Hidden Gems of BigQuery — Part 4– Five types of “Views”

Artem Nikulchenko
Google Cloud - Community
11 min readMay 26, 2023

This is a series of posts about amazing BigQuery features. Since there are so many of them, some of them can get lost. So, I’ve decided to cover my favorite:

And this post is about:

  • Views
  • Caching
  • Scheduled Queries
  • Materialized Views
  • Non-incremental Materialized Views

so, let’s start…

To figure out the difference between all those options in BigQuery let’s start with the one that is most known and obvious — Views.

Views

Views work exactly as you would expect based on your knowledge of any SQL DB. You can create a VIEW using something like:

CREATE VIEW views.logicalview
AS
SELECT currency, sum(amount) as total
FROM views.payments
GROUP BY currency

The view is a virtual table defined by SQL, so you can later read from View the same way as you would be reading from a table (with small limitations). In the background, you would actually continue to query the original table (view reference would be basically replaced during the execution time with the corresponding SQL statement, which was specified when defining the View).

So, why would you use Views? The most common scenarios are:

  • Views can be used as an abstraction layer. For example, in case you want to abstract some common or complex calculations so that further queries (written by you or other developers) are simpler to write and read.
  • Views can be used as a security layer. For example, in case you want to provide access to the limited View data without providing access to the full data in the Table. The most common examples would be reducing the list of columns available in the View (basically hiding some table columns) or using View to provide aggregated data (and not allowing access to individual records). Such features as Authorized Views would be used in this case.

Note: If you want to expose aggregated data without exposing underlying individual records, you definitely should check BigQuery differential privacy.

What about the cost? Since views are logical constructs — they have no impact on the underlying storage of data. As a result, storage costs won’t see any change. Each time you query the view — you would pay for querying the underlying tables (unless the cache is used). The maintenance cost is zero.
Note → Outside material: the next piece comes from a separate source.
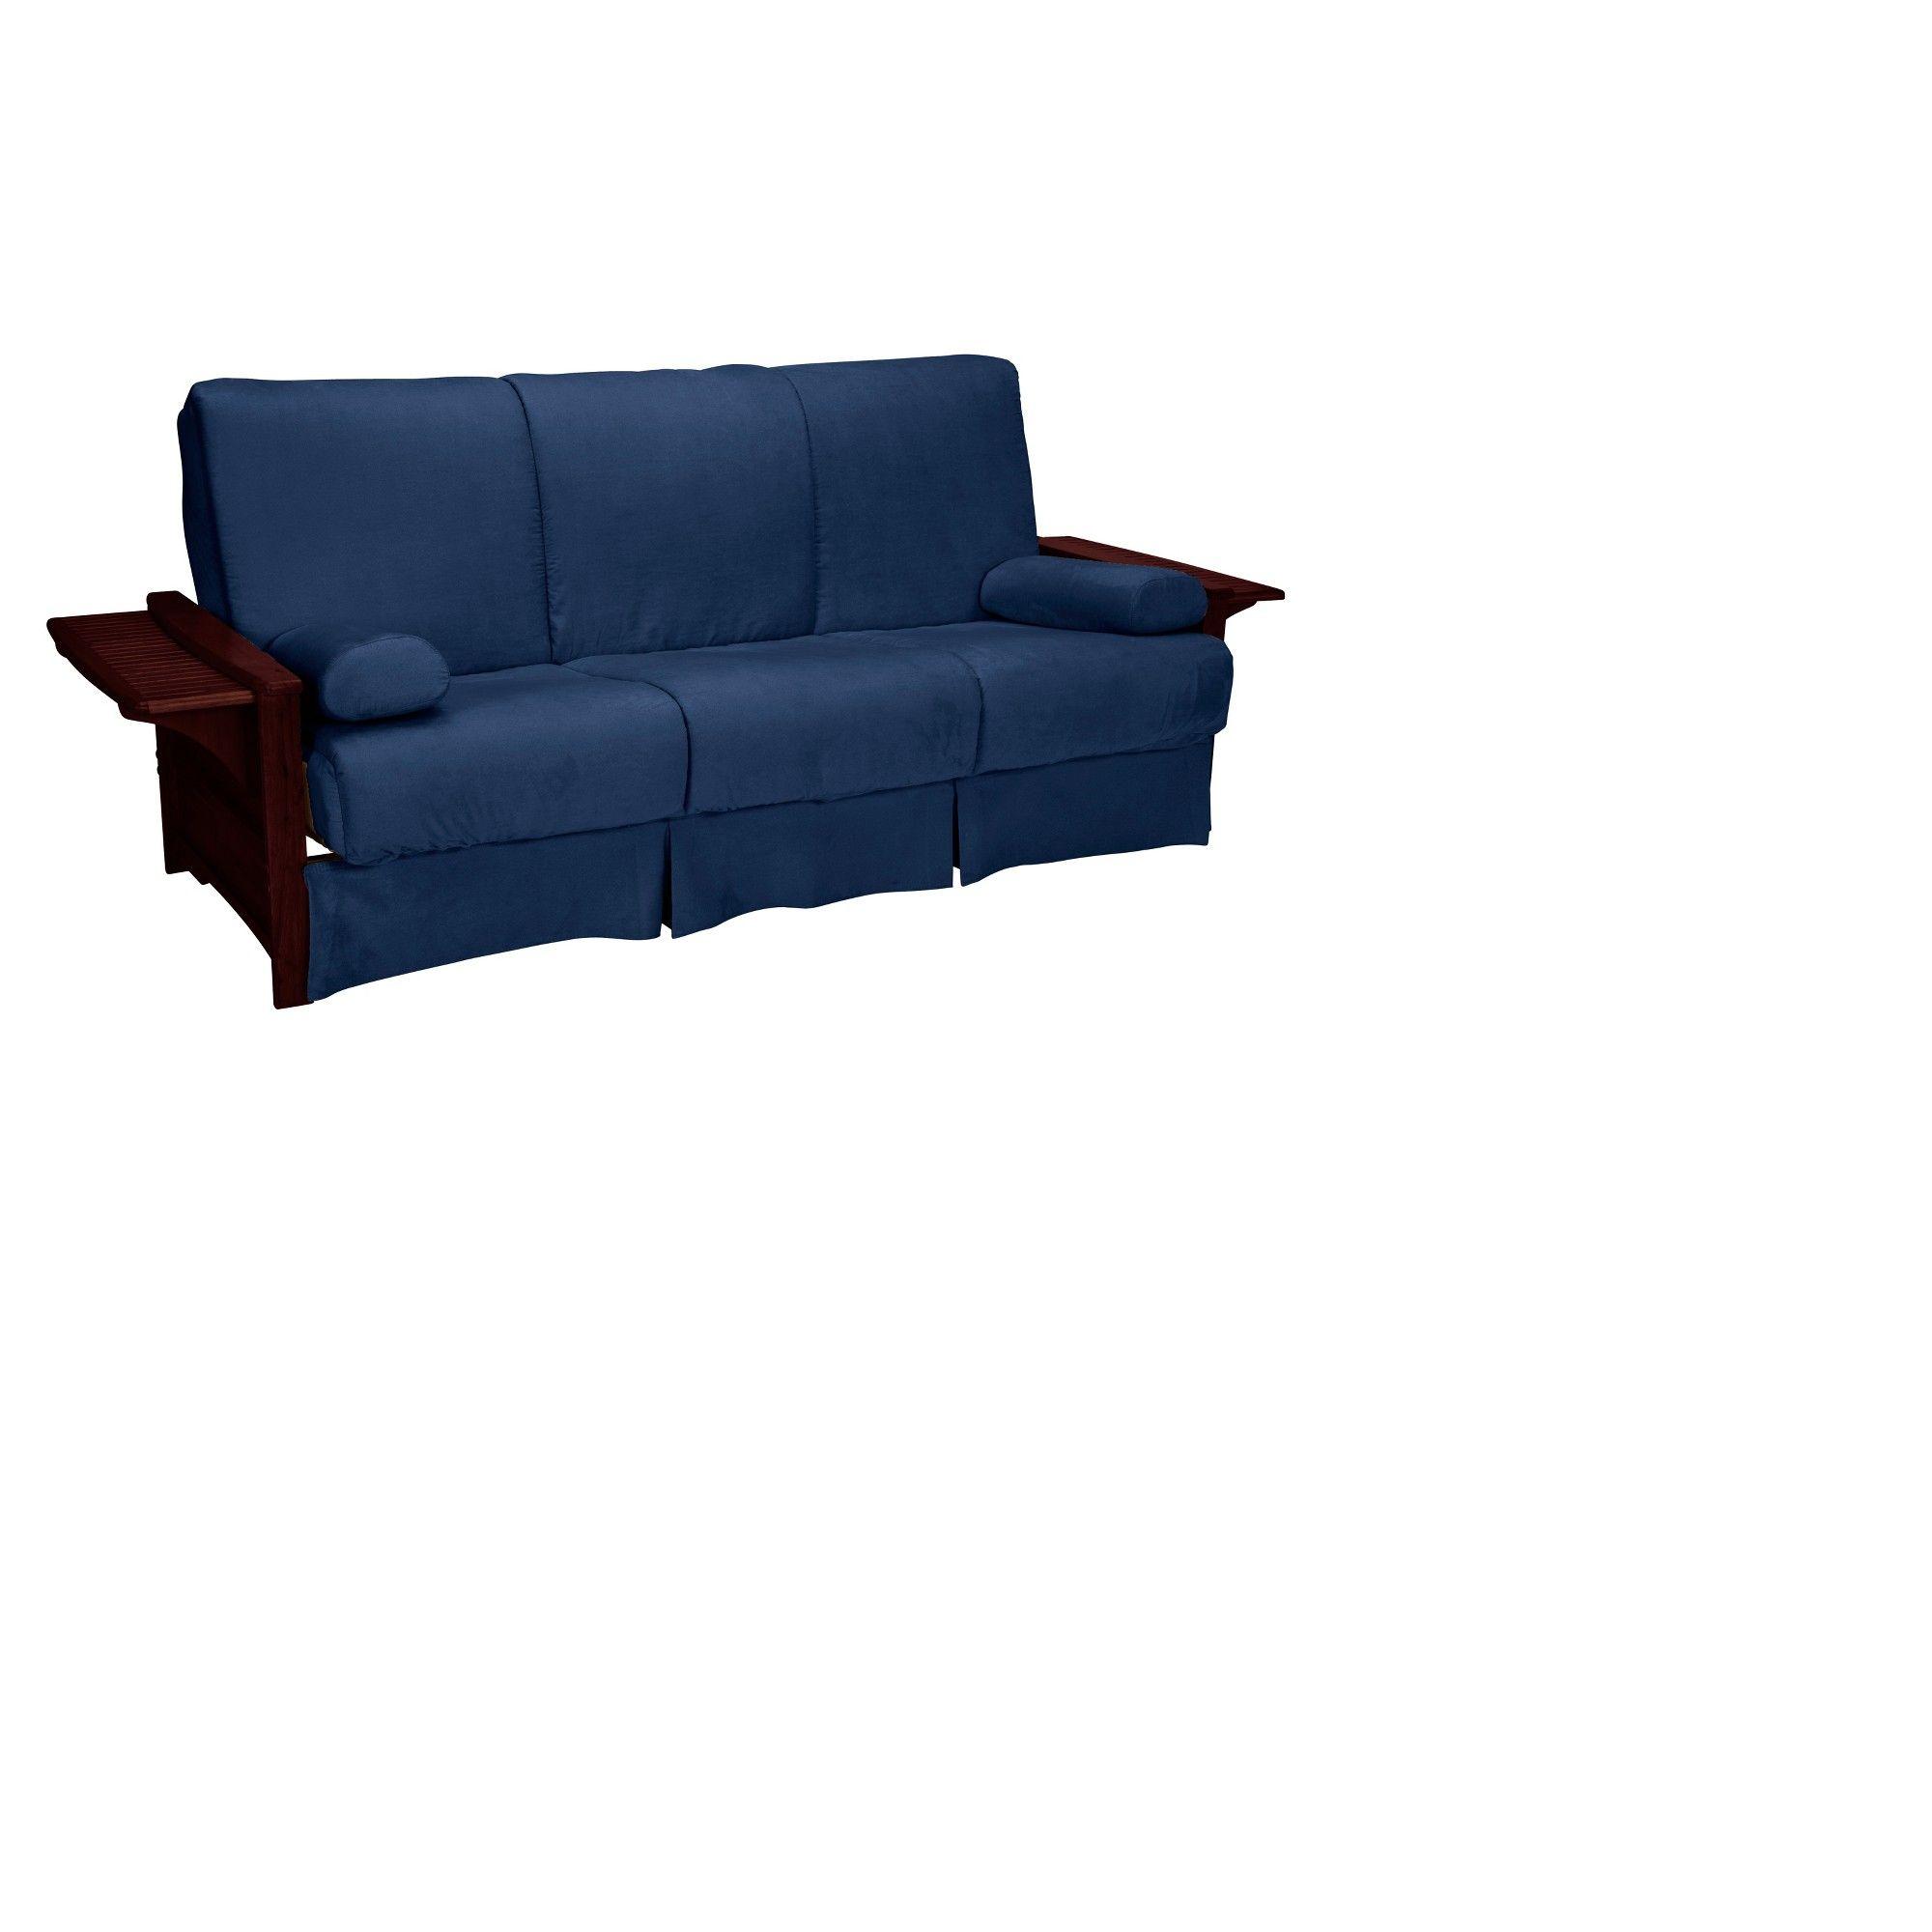 Brooklyn Perfect Futon Sofa Sleeper Mahogany Wood Finish Dark Blue Upholstery Queen
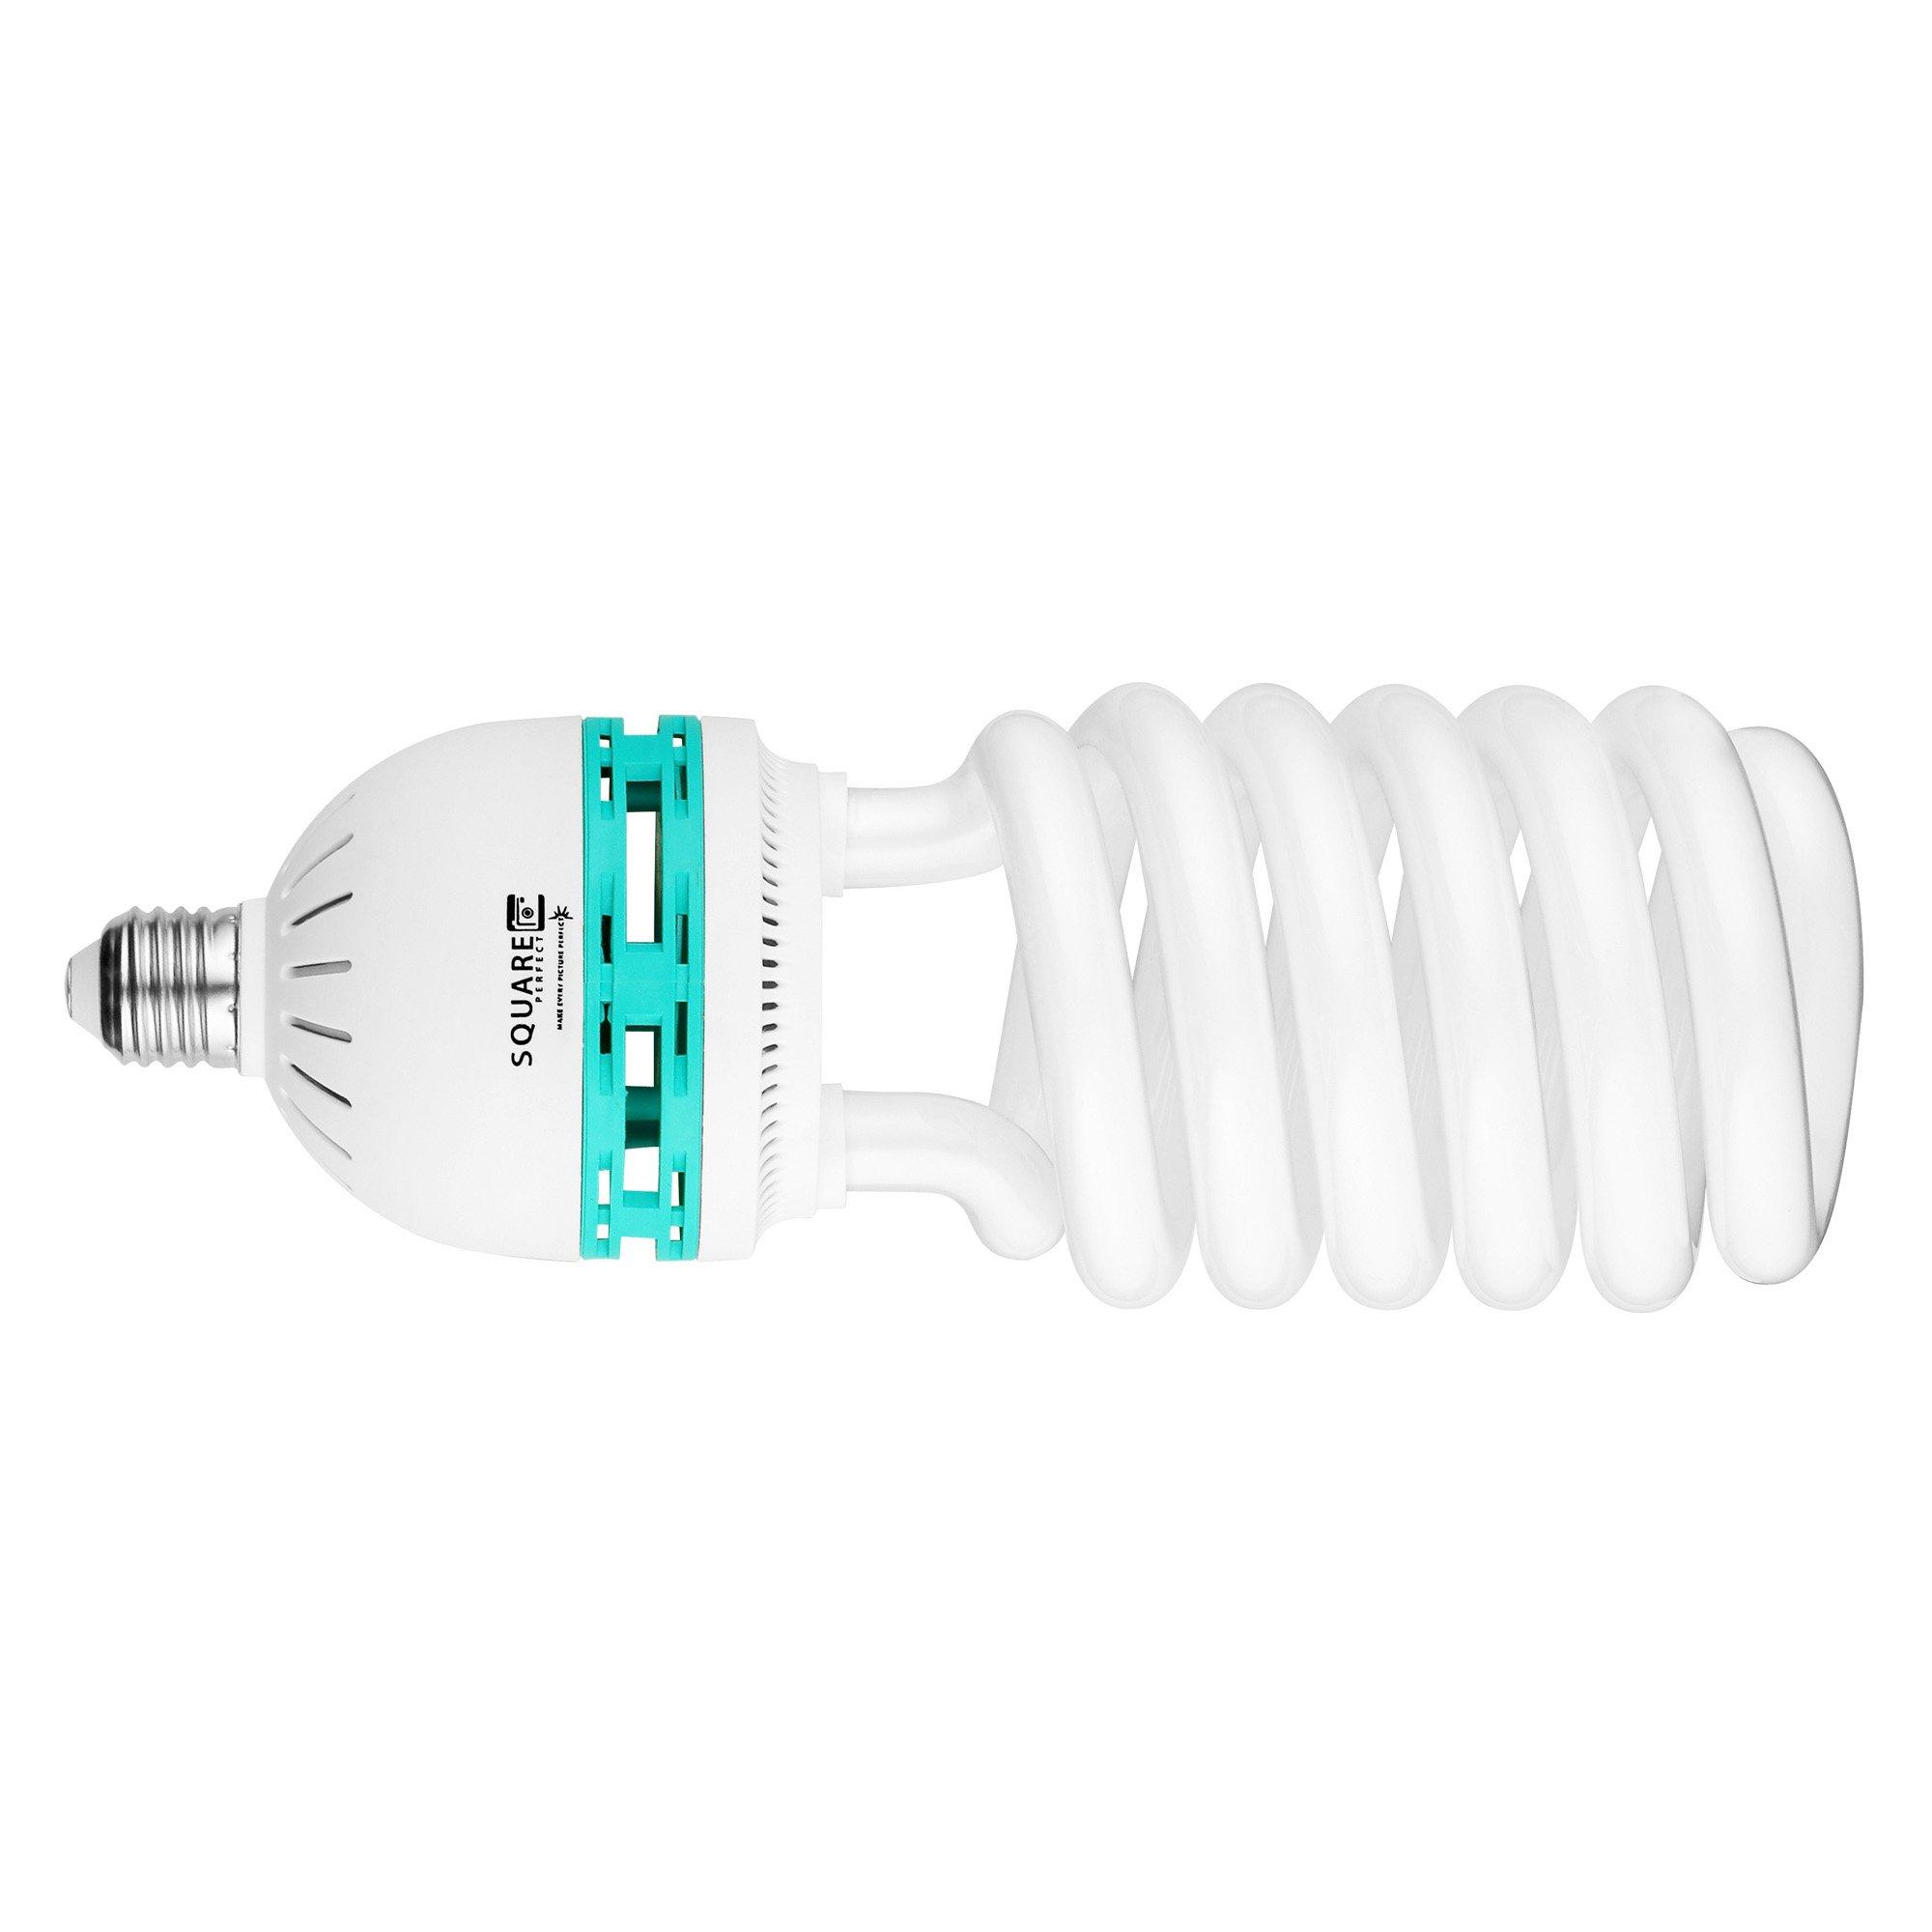 Square Perfect 3080 Professional Quality 100 Watt Compact Fluorescent Full Spectrum Photo Bulb

While views alone do not introduce additional costs, you must be aware of“hidden” costs. For example, if you write a query that aggregates lots of data into 10 records (e.g. top 10 sold items) — you will be charged for processing the whole table to run this query. Now, if you “pack” this query into the view — each time you access this view, the full underlying query would be executed (with corresponding cost). So, while other developers on your project, who are not familiar with the details of the view, may think that they only process 10 records — they would actually process the whole underlying table.

But what if you actually need those aggregated results to be available all the time but want to avoid high query costs? There are several options based on the use case. Let’s start by looking at Caching.

Caching

In the previous section, I said that each time you access a View — you would be charged for processing all underlying data. While this could be a safe assumption for upper-cost estimates, it is not actually true because of BigQuery Caching.

Each time BigQuery executes a query — it will try to cache the result of it (there are some limitations). If exactly the same query is executed while the cache is still available (typical cache lifetime is 24 hours, but the cached results are best-effort and may be invalidated sooner) — BigQuery would retrieve data from the cache and avoid charging for processing data again (of course, only in case underlying data has not changed between calls).

So, basically, as long as the data is not changing and the query is exactly the same — you would only need to pay for the first execution of it. And the best part — you don’t need to do anything to get it working (cause it is the default behavior).

Note: If default behavior does not work for you, you actually have a couple of controls over the use of caching. You can disable the usage of caching results (which is probably only useful during benchmarking) OR you can force the query to use only cached results (and return NOT_FOUND) if there is no cache available.

bq query \
--require_cache \
--batch \
'SELECT
name,
count
FROM
`my-project`.mydataset.names_2013
WHERE
gender = "M"
ORDER BY
count DESC
LIMIT
6'

What about the cost? There is no additional cost associated with caching. Maintenance cost is zero, storage cost is zero, and from a query execution standpoint — you actually save money if the cache is used.

The issue, however, is that you can’t rely on the cache used in your cost estimates. If data is changed, if the query is a little different, if result is too big to be cached, or if the cache is invalidated — you will be charged for the full processing of the required data for executing of your query.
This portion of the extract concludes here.